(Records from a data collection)
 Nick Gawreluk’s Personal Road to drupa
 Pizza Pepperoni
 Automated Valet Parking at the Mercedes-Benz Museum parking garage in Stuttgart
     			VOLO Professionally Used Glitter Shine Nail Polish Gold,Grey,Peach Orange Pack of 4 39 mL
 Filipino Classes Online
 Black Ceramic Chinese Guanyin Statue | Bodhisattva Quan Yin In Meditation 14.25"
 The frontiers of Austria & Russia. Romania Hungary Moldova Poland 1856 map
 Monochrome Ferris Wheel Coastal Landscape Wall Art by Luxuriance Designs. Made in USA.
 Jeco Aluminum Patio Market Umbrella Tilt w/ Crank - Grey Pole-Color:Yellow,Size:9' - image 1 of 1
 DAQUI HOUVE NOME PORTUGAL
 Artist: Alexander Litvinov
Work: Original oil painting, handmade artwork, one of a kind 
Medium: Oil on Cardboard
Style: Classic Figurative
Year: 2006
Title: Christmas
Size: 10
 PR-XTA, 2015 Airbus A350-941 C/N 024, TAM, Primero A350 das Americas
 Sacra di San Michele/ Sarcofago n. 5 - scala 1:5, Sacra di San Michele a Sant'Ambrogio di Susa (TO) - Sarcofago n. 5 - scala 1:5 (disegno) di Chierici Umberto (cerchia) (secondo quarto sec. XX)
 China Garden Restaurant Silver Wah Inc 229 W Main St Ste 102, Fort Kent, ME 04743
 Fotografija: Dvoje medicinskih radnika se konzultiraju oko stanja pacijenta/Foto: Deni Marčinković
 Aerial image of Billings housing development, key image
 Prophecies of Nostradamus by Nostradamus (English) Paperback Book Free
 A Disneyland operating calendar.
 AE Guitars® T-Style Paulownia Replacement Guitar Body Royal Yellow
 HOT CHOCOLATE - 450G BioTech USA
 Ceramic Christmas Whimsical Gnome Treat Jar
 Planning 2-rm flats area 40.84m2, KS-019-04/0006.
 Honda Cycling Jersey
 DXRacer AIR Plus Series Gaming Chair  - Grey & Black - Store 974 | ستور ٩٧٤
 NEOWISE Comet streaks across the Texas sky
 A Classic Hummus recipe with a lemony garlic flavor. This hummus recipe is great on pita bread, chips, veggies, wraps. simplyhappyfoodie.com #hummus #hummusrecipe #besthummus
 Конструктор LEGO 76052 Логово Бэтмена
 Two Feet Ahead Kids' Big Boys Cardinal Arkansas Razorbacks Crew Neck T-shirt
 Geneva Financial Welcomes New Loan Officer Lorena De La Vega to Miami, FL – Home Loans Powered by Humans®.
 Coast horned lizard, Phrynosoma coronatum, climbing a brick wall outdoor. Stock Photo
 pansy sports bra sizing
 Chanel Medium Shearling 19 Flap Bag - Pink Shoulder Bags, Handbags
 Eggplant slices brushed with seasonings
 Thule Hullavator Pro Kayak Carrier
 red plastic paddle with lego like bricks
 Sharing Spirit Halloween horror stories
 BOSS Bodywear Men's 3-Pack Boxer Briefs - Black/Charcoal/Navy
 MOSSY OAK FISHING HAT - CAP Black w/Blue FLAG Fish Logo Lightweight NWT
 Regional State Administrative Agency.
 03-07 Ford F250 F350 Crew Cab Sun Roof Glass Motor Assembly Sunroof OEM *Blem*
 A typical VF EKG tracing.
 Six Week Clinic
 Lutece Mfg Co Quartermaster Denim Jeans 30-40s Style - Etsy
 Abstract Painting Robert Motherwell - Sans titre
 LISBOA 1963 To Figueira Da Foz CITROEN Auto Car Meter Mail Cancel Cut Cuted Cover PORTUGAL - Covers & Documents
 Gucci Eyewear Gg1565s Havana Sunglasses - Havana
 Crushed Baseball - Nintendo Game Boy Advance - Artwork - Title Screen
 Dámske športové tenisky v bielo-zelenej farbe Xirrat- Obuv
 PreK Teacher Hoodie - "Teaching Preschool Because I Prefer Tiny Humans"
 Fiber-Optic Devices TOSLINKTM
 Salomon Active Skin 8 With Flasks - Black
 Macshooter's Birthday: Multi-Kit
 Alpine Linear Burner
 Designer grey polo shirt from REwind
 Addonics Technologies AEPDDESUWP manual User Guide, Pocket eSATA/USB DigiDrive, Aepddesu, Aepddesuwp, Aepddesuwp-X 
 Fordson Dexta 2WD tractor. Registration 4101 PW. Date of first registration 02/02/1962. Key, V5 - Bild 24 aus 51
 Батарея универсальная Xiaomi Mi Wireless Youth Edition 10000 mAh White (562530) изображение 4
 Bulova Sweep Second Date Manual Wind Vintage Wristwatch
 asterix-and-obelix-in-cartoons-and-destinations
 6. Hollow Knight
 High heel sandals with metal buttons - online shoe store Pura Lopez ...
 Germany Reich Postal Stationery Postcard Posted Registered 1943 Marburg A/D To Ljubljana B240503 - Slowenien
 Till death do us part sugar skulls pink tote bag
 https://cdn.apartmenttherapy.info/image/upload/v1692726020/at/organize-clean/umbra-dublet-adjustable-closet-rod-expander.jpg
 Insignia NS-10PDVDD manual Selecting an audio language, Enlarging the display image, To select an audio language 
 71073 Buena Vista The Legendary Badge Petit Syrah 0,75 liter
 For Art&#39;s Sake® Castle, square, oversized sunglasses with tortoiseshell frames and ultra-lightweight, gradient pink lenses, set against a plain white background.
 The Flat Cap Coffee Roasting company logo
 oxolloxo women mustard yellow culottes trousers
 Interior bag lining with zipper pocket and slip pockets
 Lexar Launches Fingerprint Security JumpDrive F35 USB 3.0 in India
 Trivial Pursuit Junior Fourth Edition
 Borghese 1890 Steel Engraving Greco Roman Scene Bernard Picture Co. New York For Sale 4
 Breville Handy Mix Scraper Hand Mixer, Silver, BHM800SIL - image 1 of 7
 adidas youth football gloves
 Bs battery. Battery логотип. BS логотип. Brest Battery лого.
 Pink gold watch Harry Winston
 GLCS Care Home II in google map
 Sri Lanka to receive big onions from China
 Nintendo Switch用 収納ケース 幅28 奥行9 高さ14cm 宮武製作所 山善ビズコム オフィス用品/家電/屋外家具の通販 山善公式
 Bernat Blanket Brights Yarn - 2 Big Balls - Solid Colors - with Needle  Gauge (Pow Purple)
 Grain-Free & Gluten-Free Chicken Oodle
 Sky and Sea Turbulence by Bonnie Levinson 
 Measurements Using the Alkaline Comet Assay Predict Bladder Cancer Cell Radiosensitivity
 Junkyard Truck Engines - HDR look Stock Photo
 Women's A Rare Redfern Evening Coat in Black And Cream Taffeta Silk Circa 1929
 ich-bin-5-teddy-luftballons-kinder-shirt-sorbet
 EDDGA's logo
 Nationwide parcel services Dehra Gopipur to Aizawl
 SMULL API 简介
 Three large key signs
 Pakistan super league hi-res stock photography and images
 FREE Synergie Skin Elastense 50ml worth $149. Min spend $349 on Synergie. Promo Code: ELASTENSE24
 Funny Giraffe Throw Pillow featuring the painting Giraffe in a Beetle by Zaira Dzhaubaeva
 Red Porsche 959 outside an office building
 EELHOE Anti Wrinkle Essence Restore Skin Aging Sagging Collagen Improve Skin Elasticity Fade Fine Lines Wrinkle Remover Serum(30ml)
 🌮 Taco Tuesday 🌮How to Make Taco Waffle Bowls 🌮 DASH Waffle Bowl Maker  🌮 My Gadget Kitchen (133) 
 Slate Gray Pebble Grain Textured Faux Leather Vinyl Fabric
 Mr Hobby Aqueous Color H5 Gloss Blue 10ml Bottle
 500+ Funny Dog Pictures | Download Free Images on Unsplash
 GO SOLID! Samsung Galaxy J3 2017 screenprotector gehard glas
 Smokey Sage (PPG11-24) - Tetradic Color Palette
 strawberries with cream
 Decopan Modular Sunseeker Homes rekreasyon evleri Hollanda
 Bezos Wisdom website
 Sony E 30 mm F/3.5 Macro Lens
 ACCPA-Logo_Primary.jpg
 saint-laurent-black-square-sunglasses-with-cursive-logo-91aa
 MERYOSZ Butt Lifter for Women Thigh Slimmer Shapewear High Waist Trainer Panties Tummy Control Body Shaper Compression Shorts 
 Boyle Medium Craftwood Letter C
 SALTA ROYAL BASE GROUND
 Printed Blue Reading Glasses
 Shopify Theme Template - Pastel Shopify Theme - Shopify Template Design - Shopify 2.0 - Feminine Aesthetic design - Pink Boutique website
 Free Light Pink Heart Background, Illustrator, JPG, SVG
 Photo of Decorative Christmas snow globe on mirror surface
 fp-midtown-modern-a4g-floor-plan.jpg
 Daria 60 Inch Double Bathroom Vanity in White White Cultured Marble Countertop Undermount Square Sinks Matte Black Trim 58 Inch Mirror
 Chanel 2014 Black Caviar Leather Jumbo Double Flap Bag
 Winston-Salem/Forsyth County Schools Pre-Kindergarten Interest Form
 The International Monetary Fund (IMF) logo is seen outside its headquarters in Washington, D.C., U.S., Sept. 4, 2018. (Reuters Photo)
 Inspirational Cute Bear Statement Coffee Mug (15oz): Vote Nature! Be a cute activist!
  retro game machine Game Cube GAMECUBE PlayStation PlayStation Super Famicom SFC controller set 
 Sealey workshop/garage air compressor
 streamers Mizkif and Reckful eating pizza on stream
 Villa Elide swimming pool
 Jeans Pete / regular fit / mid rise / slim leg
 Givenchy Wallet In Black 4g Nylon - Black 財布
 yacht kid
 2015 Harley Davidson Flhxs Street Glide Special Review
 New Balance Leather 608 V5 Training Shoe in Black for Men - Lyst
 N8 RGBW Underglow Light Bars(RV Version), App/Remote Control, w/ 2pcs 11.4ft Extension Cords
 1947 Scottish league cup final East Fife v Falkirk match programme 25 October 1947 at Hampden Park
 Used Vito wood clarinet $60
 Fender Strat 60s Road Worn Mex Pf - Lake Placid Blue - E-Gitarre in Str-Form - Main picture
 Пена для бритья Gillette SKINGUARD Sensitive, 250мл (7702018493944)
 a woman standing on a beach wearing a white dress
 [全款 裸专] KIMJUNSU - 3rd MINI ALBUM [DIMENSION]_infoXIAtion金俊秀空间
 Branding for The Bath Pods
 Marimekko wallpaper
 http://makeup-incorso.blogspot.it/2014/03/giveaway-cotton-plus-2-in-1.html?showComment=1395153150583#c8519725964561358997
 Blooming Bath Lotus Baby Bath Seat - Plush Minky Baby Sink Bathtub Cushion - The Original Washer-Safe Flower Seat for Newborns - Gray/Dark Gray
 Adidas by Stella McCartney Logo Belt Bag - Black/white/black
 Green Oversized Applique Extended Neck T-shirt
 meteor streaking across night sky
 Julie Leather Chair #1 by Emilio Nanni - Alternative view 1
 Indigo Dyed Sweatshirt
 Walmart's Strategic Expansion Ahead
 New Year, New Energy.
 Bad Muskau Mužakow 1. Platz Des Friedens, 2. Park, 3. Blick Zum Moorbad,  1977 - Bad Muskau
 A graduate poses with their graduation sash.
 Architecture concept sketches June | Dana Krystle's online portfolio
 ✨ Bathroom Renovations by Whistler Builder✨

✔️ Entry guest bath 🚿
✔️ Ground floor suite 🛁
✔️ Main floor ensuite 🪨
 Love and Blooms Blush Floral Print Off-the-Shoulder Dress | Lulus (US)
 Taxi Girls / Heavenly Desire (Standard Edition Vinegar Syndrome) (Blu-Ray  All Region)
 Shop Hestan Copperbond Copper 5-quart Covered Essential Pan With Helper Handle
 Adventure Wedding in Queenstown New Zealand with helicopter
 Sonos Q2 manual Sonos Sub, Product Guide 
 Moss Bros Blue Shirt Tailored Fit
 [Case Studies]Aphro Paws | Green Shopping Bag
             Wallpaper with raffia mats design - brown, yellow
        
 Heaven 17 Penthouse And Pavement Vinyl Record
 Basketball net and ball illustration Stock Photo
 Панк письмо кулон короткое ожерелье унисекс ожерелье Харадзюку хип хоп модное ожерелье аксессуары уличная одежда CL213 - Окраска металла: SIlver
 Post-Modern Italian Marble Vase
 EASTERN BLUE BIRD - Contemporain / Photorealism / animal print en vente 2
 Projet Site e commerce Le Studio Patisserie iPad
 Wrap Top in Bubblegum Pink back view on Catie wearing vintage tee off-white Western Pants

What the task asks: Set every line down again exactly. Begin with the first line of the entries and finish with the line containing "The frontiers of".

Final answer:
 Nick Gawreluk’s Personal Road to drupa
 Pizza Pepperoni
 Automated Valet Parking at the Mercedes-Benz Museum parking garage in Stuttgart
     			VOLO Professionally Used Glitter Shine Nail Polish Gold,Grey,Peach Orange Pack of 4 39 mL
 Filipino Classes Online
 Black Ceramic Chinese Guanyin Statue | Bodhisattva Quan Yin In Meditation 14.25"
 The frontiers of Austria & Russia. Romania Hungary Moldova Poland 1856 map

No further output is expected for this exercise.